Now to see the betas using the joint model requires again only the inversion of the submatrix of the loadings of the whole set of 5 pc-markers and postmultiplying the first 5 columns with that. This gives us the "loadings", if the 5 pcs are taken as axes of a coordinate system. We get
[42] beta = pca1[*,1..5]* inv(pca1[7..11,1..5]) || pca1[*,6]

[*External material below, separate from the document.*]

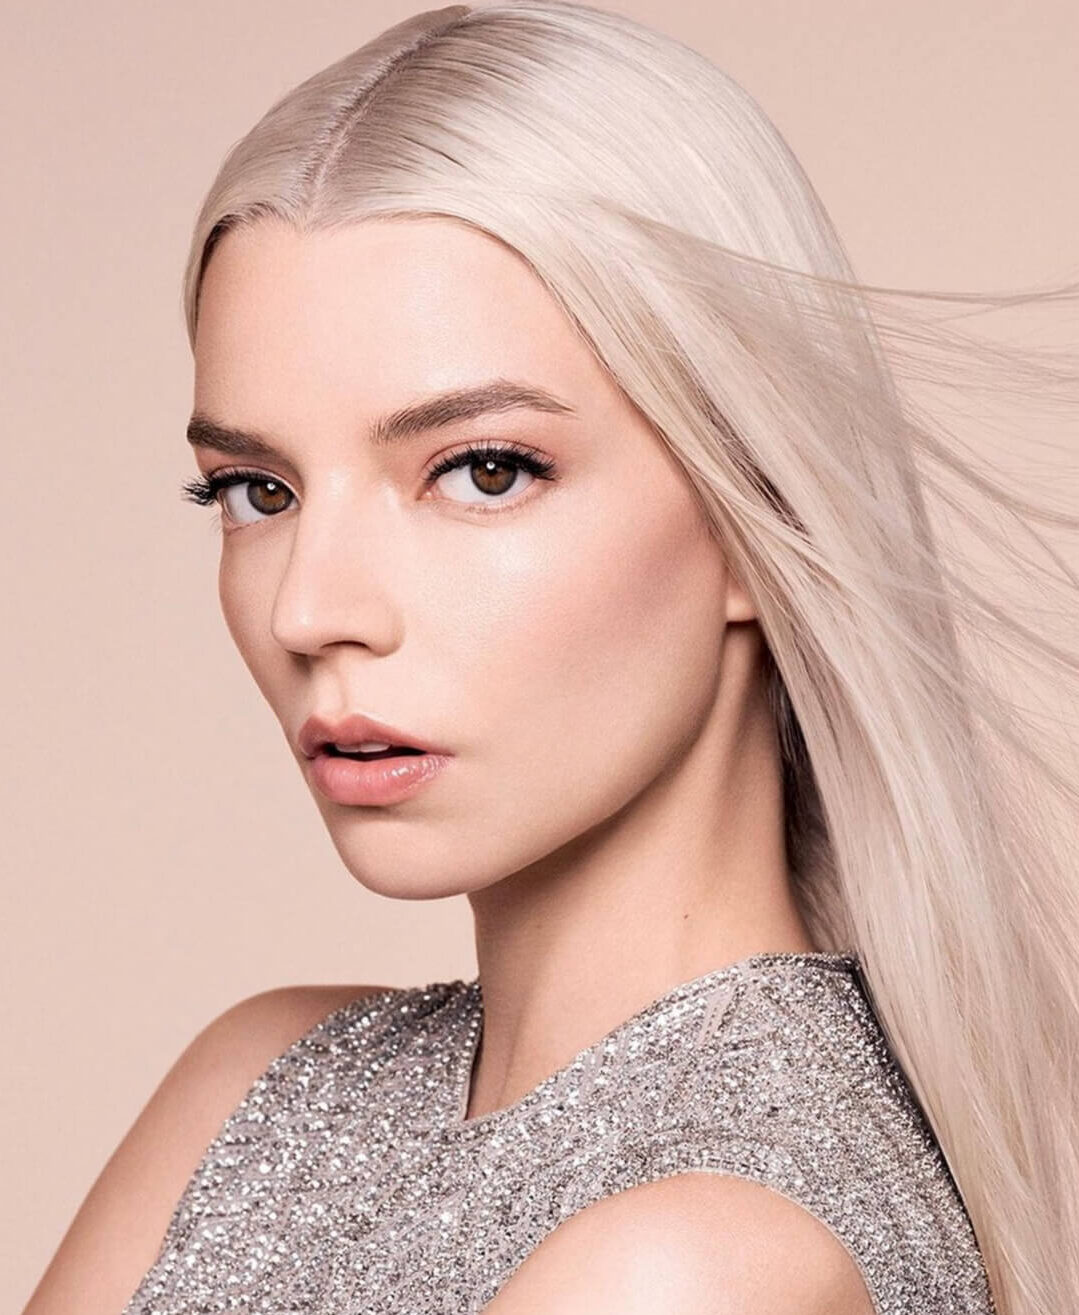 Anya Taylor-Joy, known for her Golden Globe-winning role in the miniseries "The Queen's Gambit" and films like "Split" and "The Menu," has garnered worldwide attention for her exceptional acting skills.

beta pc1_1 pc1_2 pc2_1 pc2_2 pc2_3 c6
--------------------------------------------------------------
x1_1 0.994 -0.109 0 0 0 0
x1_2 0.994 0.109 0 0 0 0
--------------------------------------------------------------
x2_1 0 0 0.997 -0.078 -0.022 0
x2_2 0 0 0.999 -0.041 0.027 0
x2_3 0 0 0.993 0.119 -0.005 0
--------------------------------------------------------------
y 0.540 0.375 0.421 0.169 0.045 0.116
===============================================================
pc1_1 1 0 0 0 0 0
pc1_2 0 1 0 0 0 0
--------------------------------------------------------------
pc2_1 0 0 1 0 0 0
pc2_2 0 0 0 1 0 0
pc2_3 0 0 0 0 1 0
===============================================================
In short:
beta pc1_1 pc1_2 | pc2_1 pc2_2 pc2_3 | c6
---------------------------+-------------------------------+--------
y 0.540 0.375 | 0.421 0.169 0.045 | 0.116
===========================+===============================|========
In that joint model the "main direction" of the first set of independents has a beta-weight of 0.540 and the "main direction" of the second set of 0.421 . The value at $c6$ is here only for completeness: its square $0.116^2$ is the unexplained variance of the dependent item $y$.
Solution 2:
No. PCA returns mixtures of (typically dependent) variables that most contribute to observed variance. Linear regression does not mix variables while expressing the output variables as linear combinations of the input variables. (Linear combinations? Yes. Mixtures of input and output variables? No.)
PCA is computed by singular value decomposition. Linear regression is not. Consequences: linear regression misbehaves if two or more input variables are correlated (i.e., the system is rank deficient), typically producing outputs sensitively dependent on noise. PCA merges the (almost) indistinguishable variables together and continues giving sane results. This merging of strongly correlated variables can result in reduction in the apparent dimensionality of the system, generally improving explanatory power and prediction.
The process of using PCA for linear regression is called Principal Component Regression.